__What is expected__:
Each entry should be quoted word for word, including every mark of punctuation.

[[ Information provided open ]]

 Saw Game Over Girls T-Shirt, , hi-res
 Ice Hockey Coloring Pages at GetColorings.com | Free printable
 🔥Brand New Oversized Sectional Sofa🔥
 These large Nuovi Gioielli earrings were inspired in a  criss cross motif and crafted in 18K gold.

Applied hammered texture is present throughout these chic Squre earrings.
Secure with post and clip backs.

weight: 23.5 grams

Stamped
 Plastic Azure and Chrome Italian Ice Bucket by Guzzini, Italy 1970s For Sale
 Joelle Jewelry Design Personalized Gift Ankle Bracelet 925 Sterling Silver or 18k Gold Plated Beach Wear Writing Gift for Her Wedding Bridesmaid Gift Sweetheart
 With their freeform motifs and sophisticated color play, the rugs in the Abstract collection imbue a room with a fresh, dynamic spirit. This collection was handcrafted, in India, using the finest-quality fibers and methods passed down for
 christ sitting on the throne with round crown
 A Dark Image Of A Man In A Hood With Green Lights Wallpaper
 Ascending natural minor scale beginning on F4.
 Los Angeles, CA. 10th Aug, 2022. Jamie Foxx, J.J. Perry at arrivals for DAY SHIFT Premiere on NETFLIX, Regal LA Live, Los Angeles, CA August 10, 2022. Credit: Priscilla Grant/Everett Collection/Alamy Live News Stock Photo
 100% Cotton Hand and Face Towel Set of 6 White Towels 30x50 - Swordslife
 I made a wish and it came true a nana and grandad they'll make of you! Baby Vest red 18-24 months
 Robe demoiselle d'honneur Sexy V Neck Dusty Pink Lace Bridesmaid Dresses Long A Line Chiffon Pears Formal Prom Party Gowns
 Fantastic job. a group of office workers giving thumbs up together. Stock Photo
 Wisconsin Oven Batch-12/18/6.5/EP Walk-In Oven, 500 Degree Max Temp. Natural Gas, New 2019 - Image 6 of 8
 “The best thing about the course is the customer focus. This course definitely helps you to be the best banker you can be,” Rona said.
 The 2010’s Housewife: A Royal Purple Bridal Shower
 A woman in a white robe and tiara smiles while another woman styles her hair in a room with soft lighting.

[[ Information provided closed ]]

__Solution__:
 Saw Game Over Girls T-Shirt, , hi-res
 Ice Hockey Coloring Pages at GetColorings.com | Free printable
 🔥Brand New Oversized Sectional Sofa🔥
 These large Nuovi Gioielli earrings were inspired in a  criss cross motif and crafted in 18K gold.

Applied hammered texture is present throughout these chic Squre earrings.
Secure with post and clip backs.

weight: 23.5 grams

Stamped
 Plastic Azure and Chrome Italian Ice Bucket by Guzzini, Italy 1970s For Sale
 Joelle Jewelry Design Personalized Gift Ankle Bracelet 925 Sterling Silver or 18k Gold Plated Beach Wear Writing Gift for Her Wedding Bridesmaid Gift Sweetheart
 With their freeform motifs and sophisticated color play, the rugs in the Abstract collection imbue a room with a fresh, dynamic spirit. This collection was handcrafted, in India, using the finest-quality fibers and methods passed down for
 christ sitting on the throne with round crown
 A Dark Image Of A Man In A Hood With Green Lights Wallpaper
 Ascending natural minor scale beginning on F4.
 Los Angeles, CA. 10th Aug, 2022. Jamie Foxx, J.J. Perry at arrivals for DAY SHIFT Premiere on NETFLIX, Regal LA Live, Los Angeles, CA August 10, 2022. Credit: Priscilla Grant/Everett Collection/Alamy Live News Stock Photo
 100% Cotton Hand and Face Towel Set of 6 White Towels 30x50 - Swordslife
 I made a wish and it came true a nana and grandad they'll make of you! Baby Vest red 18-24 months
 Robe demoiselle d'honneur Sexy V Neck Dusty Pink Lace Bridesmaid Dresses Long A Line Chiffon Pears Formal Prom Party Gowns
 Fantastic job. a group of office workers giving thumbs up together. Stock Photo
 Wisconsin Oven Batch-12/18/6.5/EP Walk-In Oven, 500 Degree Max Temp. Natural Gas, New 2019 - Image 6 of 8
 “The best thing about the course is the customer focus. This course definitely helps you to be the best banker you can be,” Rona said.
 The 2010’s Housewife: A Royal Purple Bridal Shower
 A woman in a white robe and tiara smiles while another woman styles her hair in a room with soft lighting.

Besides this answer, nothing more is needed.